French MPs to debate legalising euthanasia

A bill to legalise euthanasia goes before a deeply divided French parliament on Thursday, with right-wingers planning to torpedo any vote with thousands of amendments and the government not taking sides.

French MPs to debate legalising euthanasia
The bill is being debated in the French parliament on Thursday. Photo: Ludovic Marin/AFP

If the draft law were to pass, France would become the fifth European Union country to decriminalise assisted suicide, after the Netherlands, Belgium, Luxembourg and Spain.

The bill was brought by Olivier Falorni, deputy for the parliamentary splinter group Libertes et Territoires (“Freedom and Territories”), whose handful of MPs range from the centre-right to the centre-left.

Using Thursday’s National Assembly time allotted to his party, Falorni plans to fight for the bill which he said raises “existential questions”.

The law, he argues, would end what he said was a national “hypocrisy” because French residents often travel to Belgium or Switzerland for assistance in suicide, while French doctors already secretly performed an estimated 2,000 to 4,000 acts of euthanasia every year.

Current law allows deep sedation of patients who suffer from incurable illnesses, but not to end their life, or help them end their own life.

Legalising euthanasia is supported by many MPs, including a majority of President Emmanuel Macron’s own party, the LREM.

Neither Macron nor his government have weighed in on the debate, although the president is on the record as saying in 2017: “I myself wish to choose the end of my life”.

MPs hostile to euthanasia have filed 3,000 amendments ahead of the debate which will slow down Thursday’s proceedings to the point of making any vote in the allotted timeframe impossible.

Of the total, 2,300 amendments were brought by MPs from the centre-right Les Republicains.

Falorni told AFP that the filings amounted to “obstruction” while his former party colleague Matthieu Orphelin called the amendments “shameful” as they made sure there could be no vote on Thursday.

“We want to debate. We want to vote. Parliamentary time is here. Let us respect it,” 270 deputies from across the political spectrum said in an article published in the Journal du Dimanche newspaper on Sunday.

Line Renaud, a much-loved singer, actress and activist, published an open letter on Saturday calling on parliament to give “every woman and every man the possibility to choose the end of their life”.

Like in Spain, whose parliament last month became the latest in the EU to approve euthanasia, the Catholic church in France is strongly opposed to euthanasia.

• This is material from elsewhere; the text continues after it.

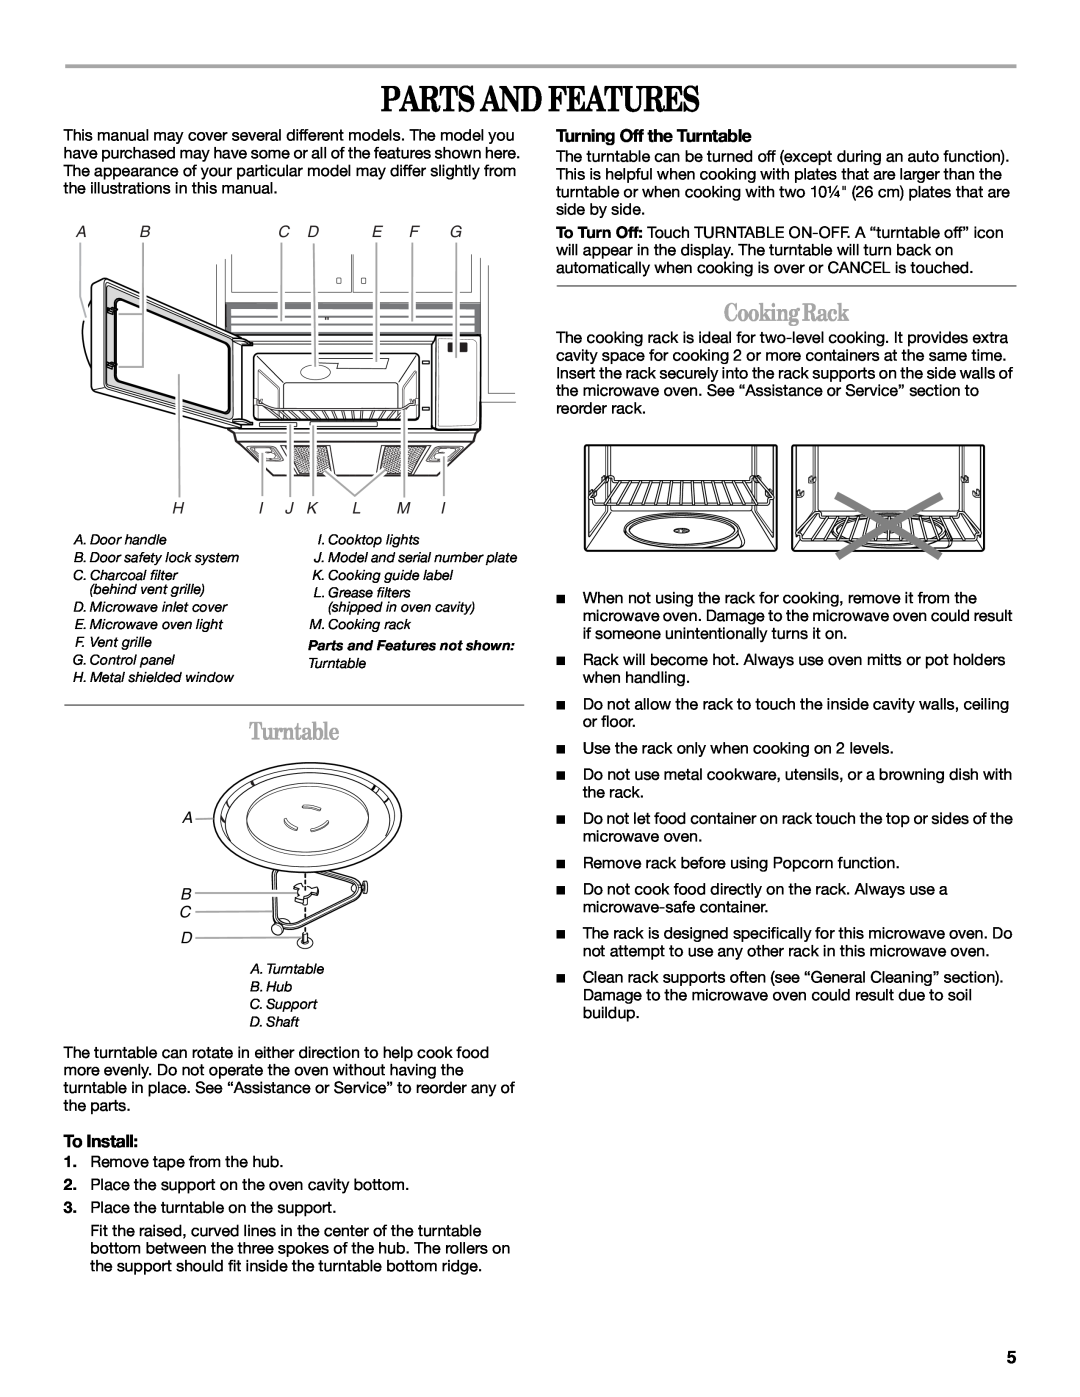 Whirlpool GH4184XS manual Parts And Features, Cooking Rack, Turntable, A Bc D E F G, A B C D

“The solution when a person faces suffering is not to kill them, but ease their pain and accompany them,” the archbishop of Paris, Michel Aupetit, told France Inter radio.

While some parliamentarians are opposed to euthanasia on ethical or religious grounds, others have said the subject is too important to be handled in just one day of National Assembly proceedings.

If, as is expected, time runs out before any vote Thursday, another time slot will have to be found in parliament’s busy legislative schedule.

Some deputies have said the debate could be revisited in the run-up to next year’s presidential election.

The issue was given new momentum in France last year by the case of terminally ill Frenchman Alain Cocq who planned to refuse all food and medicine live stream his death on social media.

He abandoned his initial bid after saying the suffering became too intense.

Cocq had written to Macron in September asking to be given a drug that would allow him to die in peace, but the president wrote back to say it was not possible under French law.

“Your wish is to request active assistance in dying which is not currently permitted in our country,” Macron wrote in response.

Member comments

  1. For heaven’s sake who’s life is it? If an illness becomes too much to take it is the right way to end the suffering both for the patient and family. My friend who is in his eighties has had a stroke and now has Alzheimer’s. His wife who also is ill has to do everything for him. He has no idea where he is and talks gibberish. At times he becomes violent out of frustration. When one has to change nappies on an eighty year old man that used to be a scientist and now just sits asleep most of the time it’s time to call it a day.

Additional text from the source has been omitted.